# Work required
Would you please repeat exactly the entries below, starting at the line with "Mighty Kilimanjaro Lemosho Rt." and ending at the line with "32 Best Beach", and nothing outside that range? Leave out the pictures.

# Source records
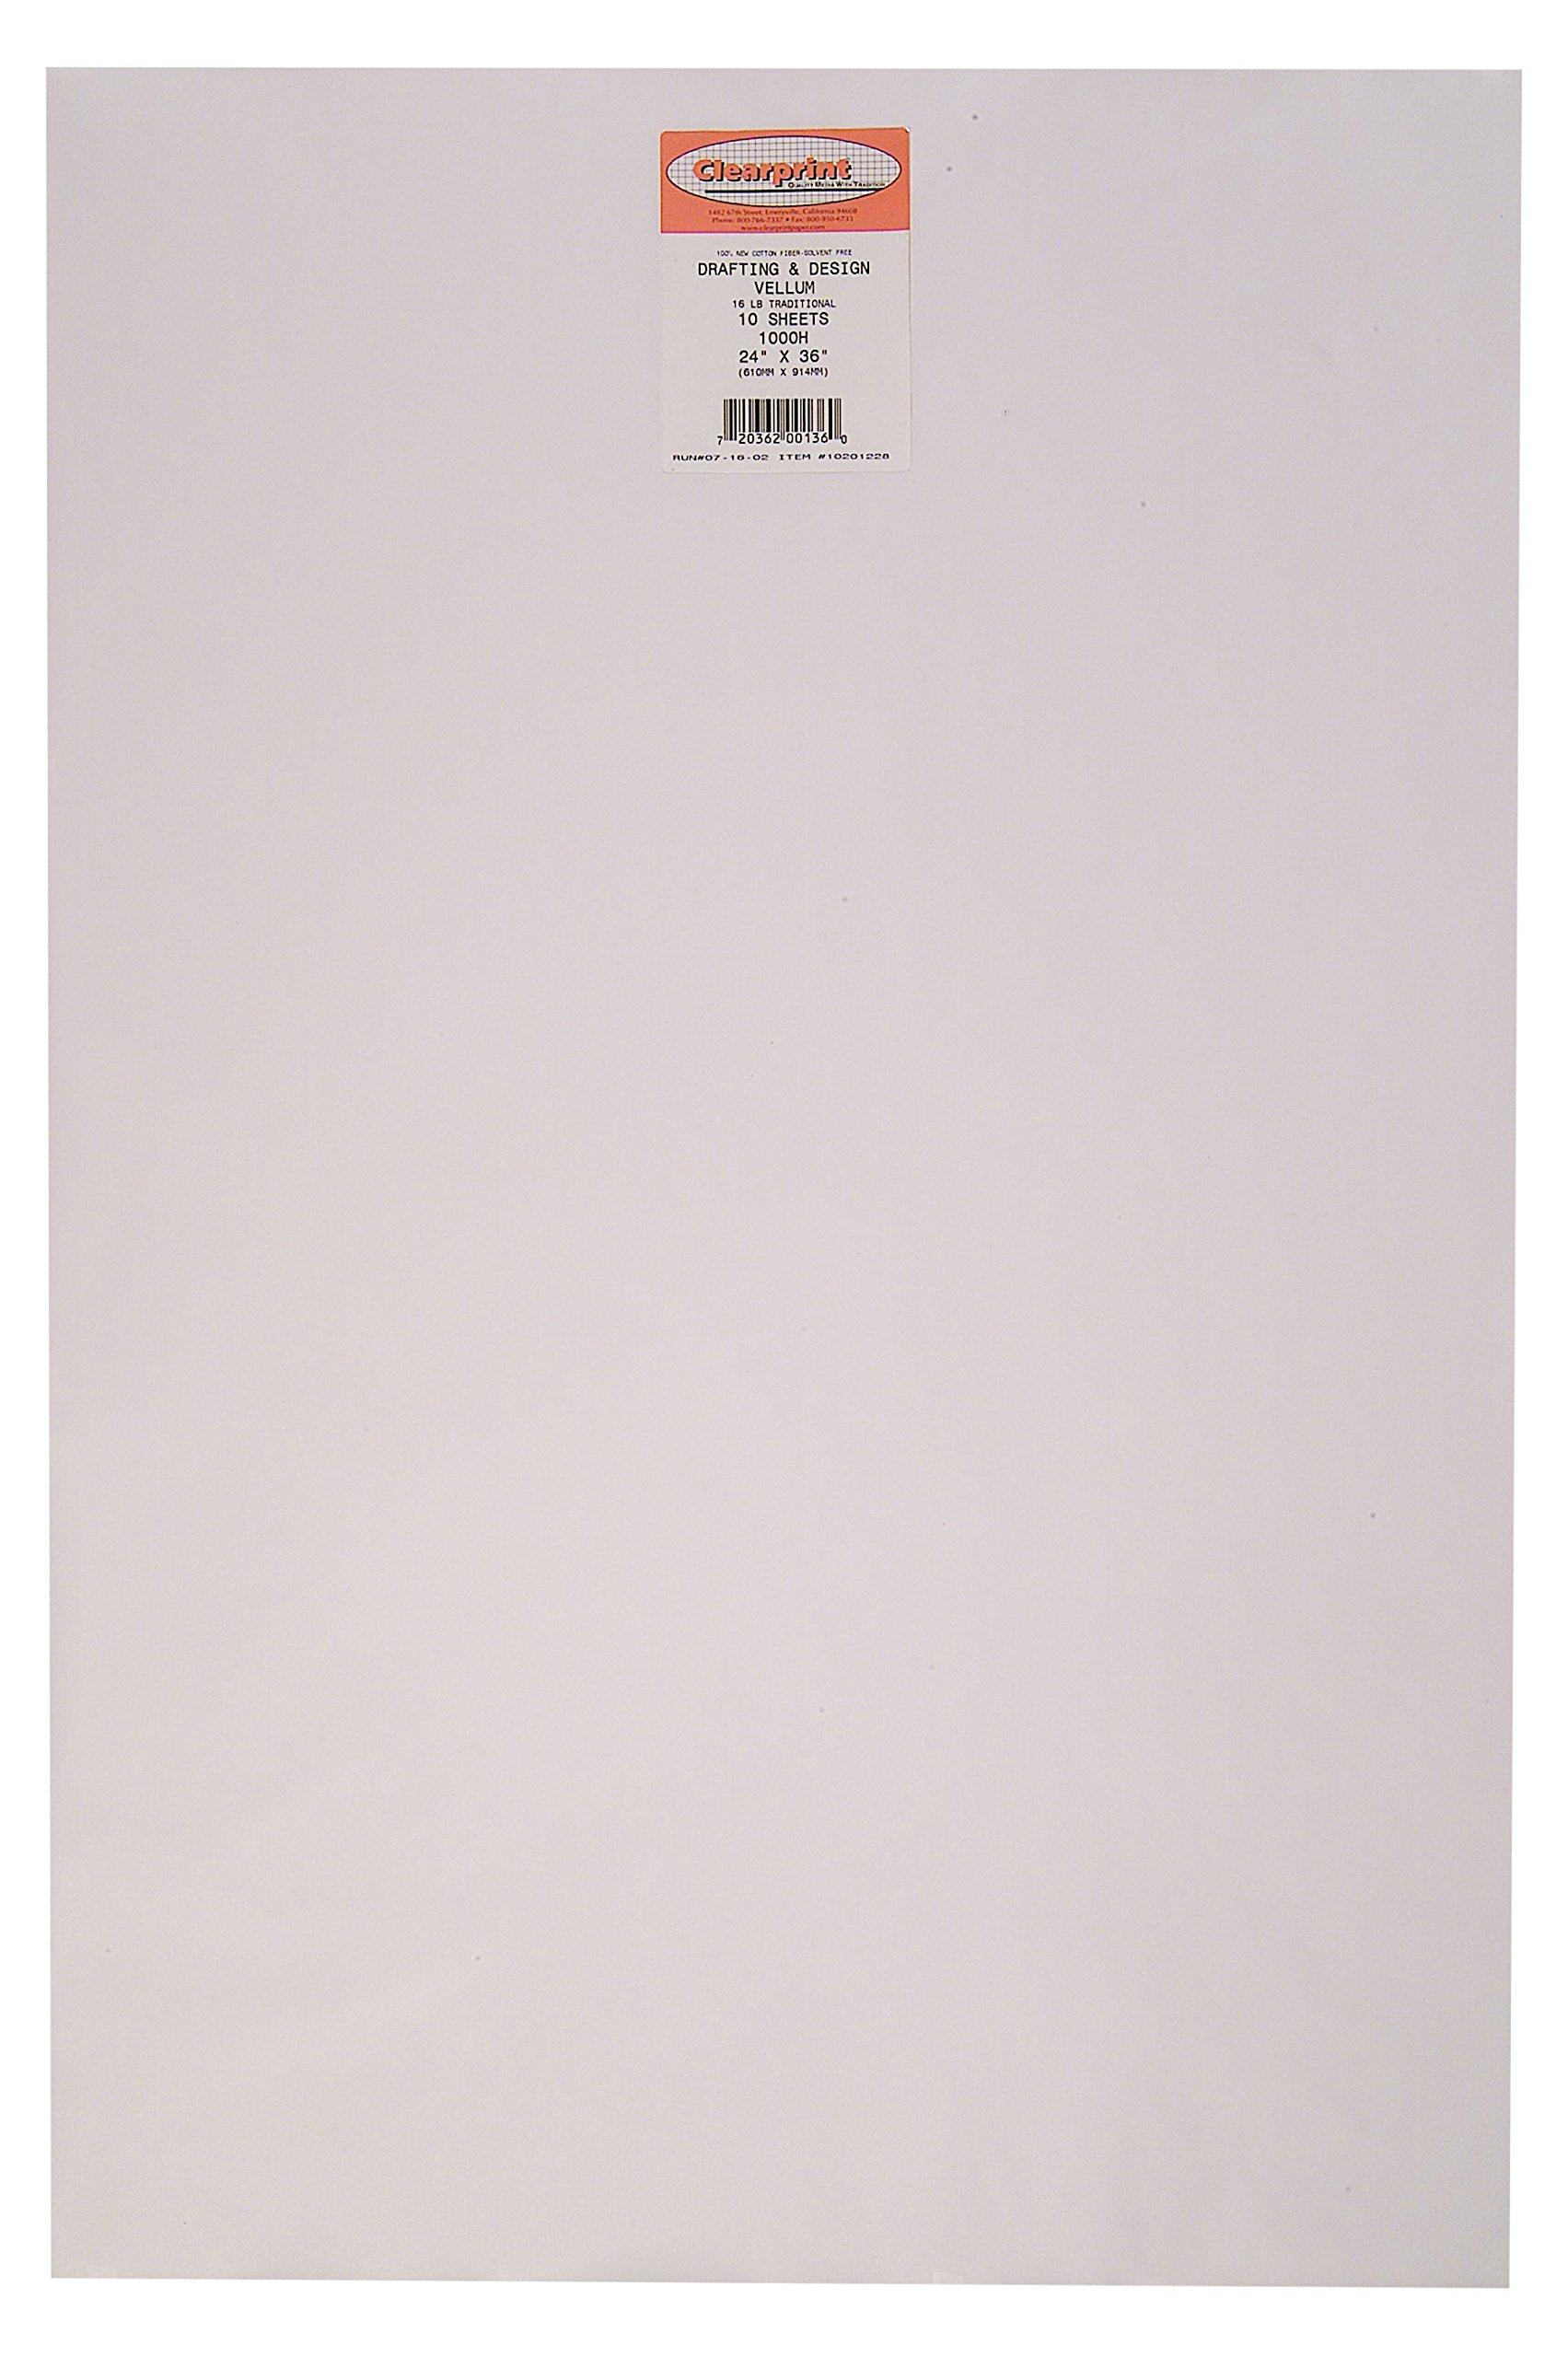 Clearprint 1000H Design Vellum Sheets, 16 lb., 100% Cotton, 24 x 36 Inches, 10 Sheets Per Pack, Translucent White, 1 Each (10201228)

...

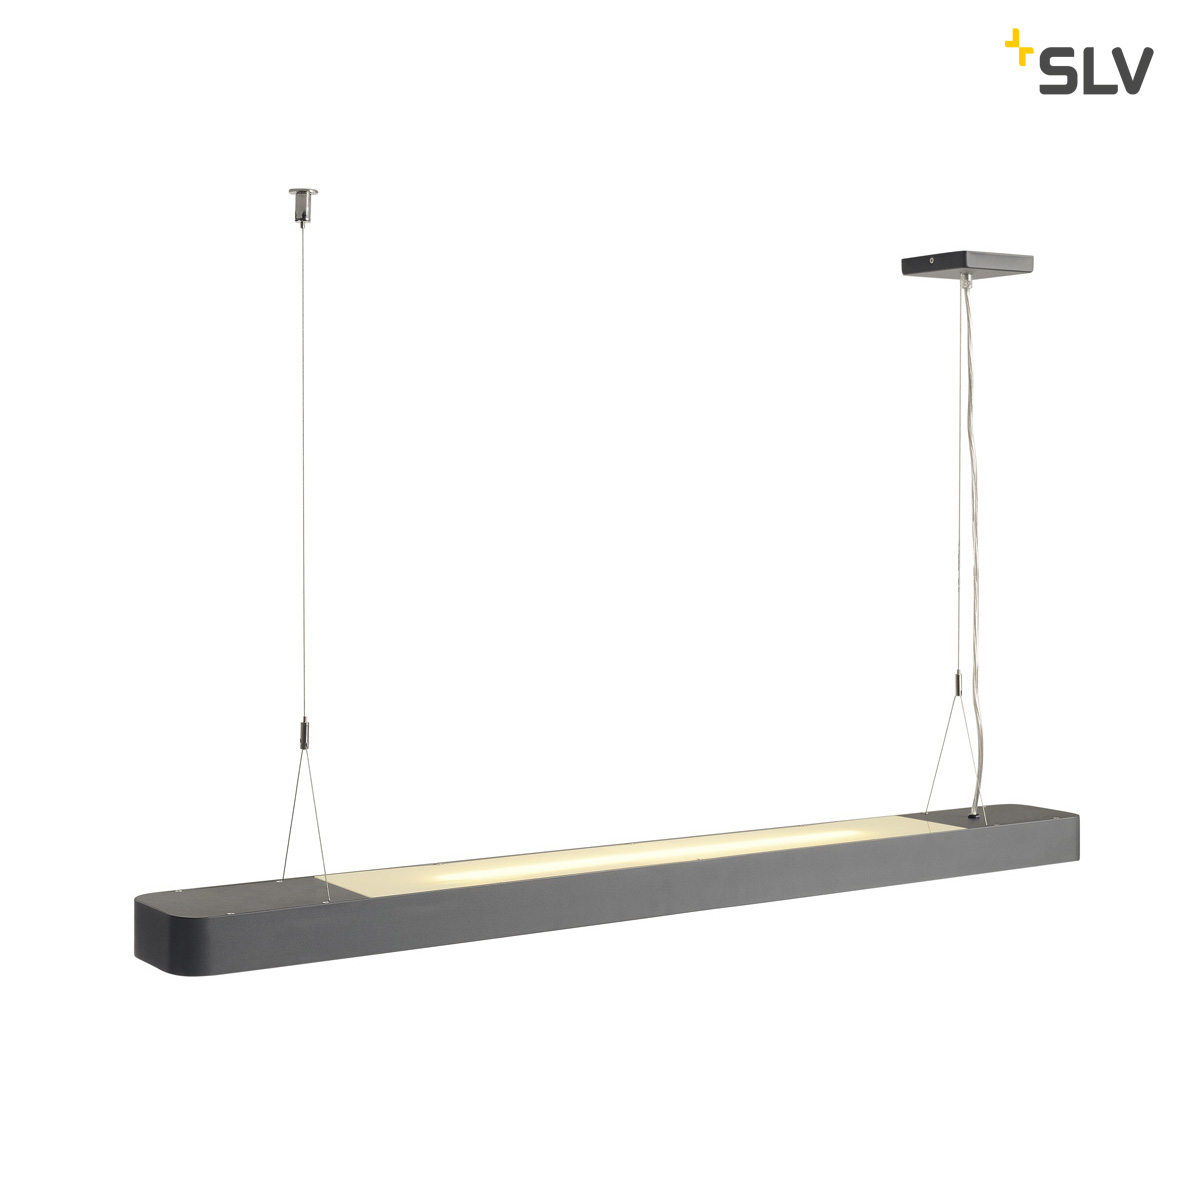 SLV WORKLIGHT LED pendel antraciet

---

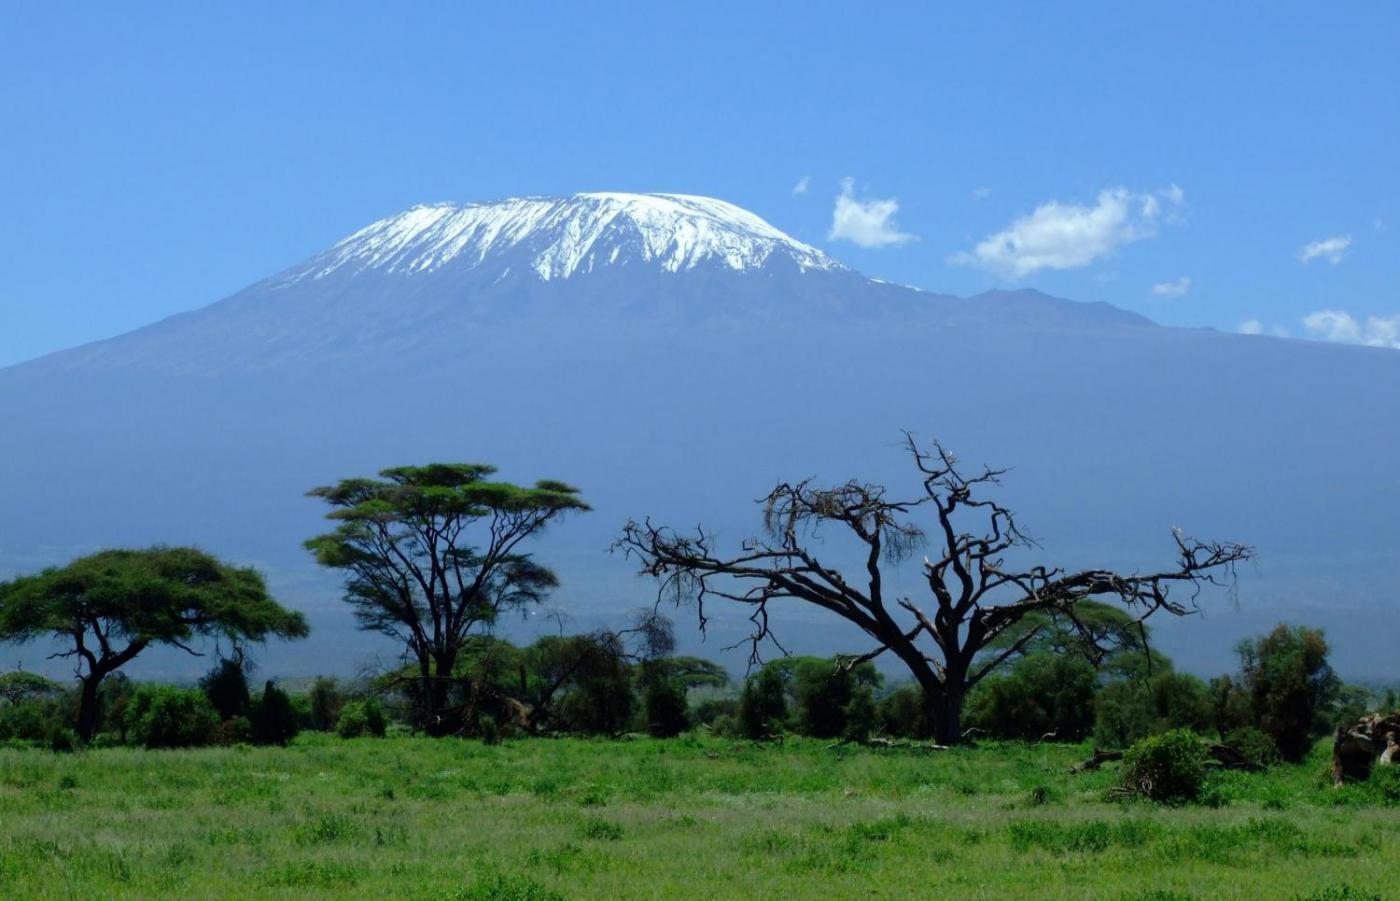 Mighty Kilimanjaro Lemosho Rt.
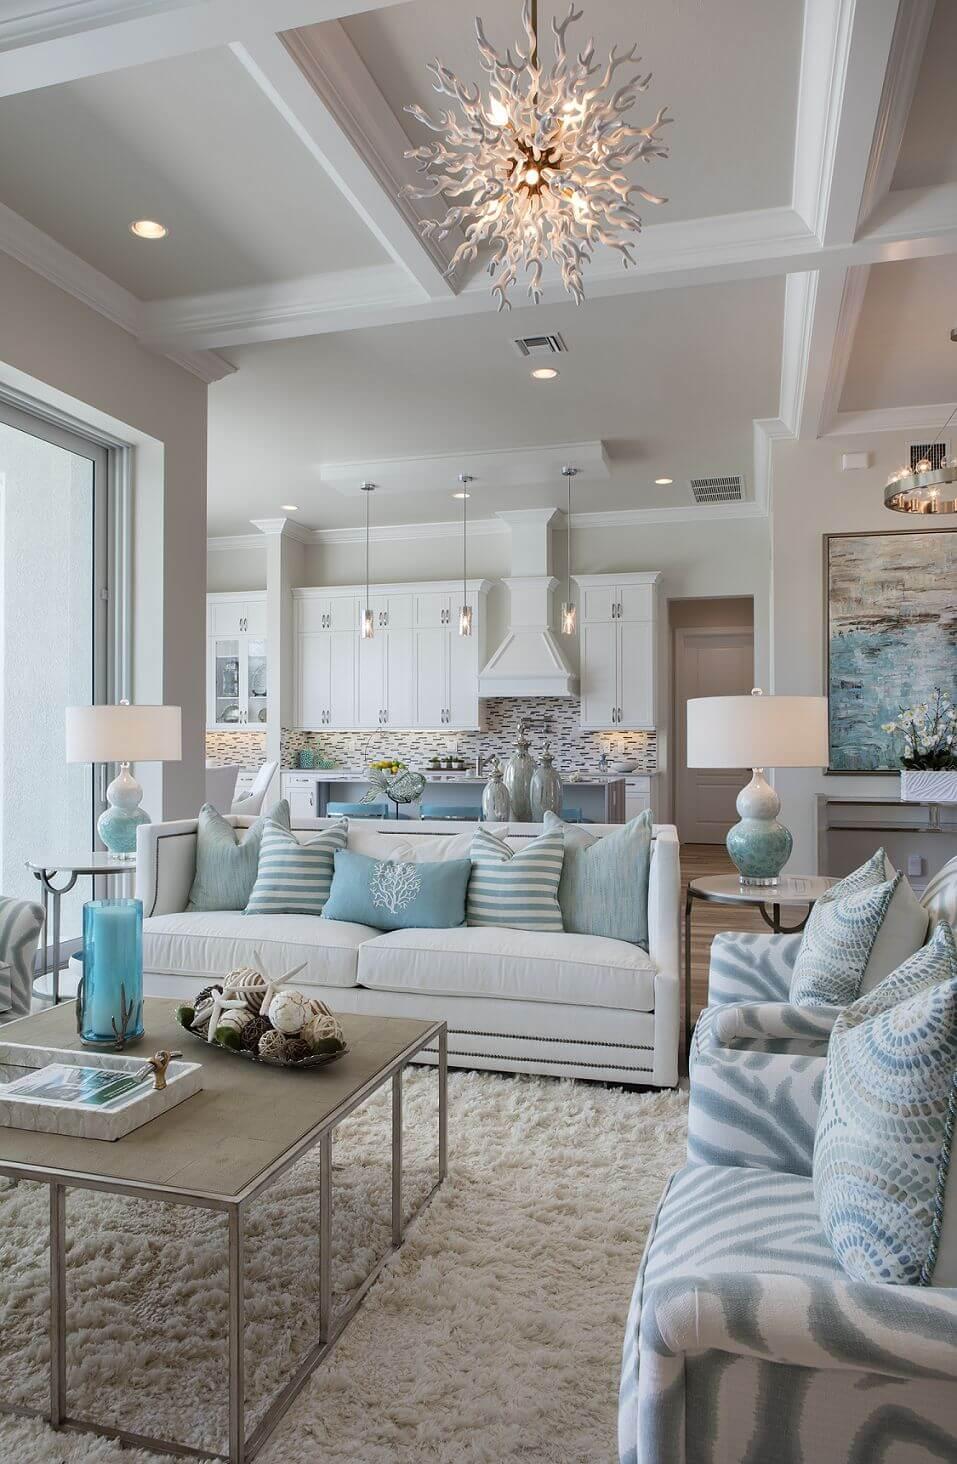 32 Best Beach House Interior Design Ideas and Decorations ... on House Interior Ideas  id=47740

# Result of this exercise
 Mighty Kilimanjaro Lemosho Rt.
 32 Best Beach House Interior Design Ideas and Decorations ... on House Interior Ideas  id=47740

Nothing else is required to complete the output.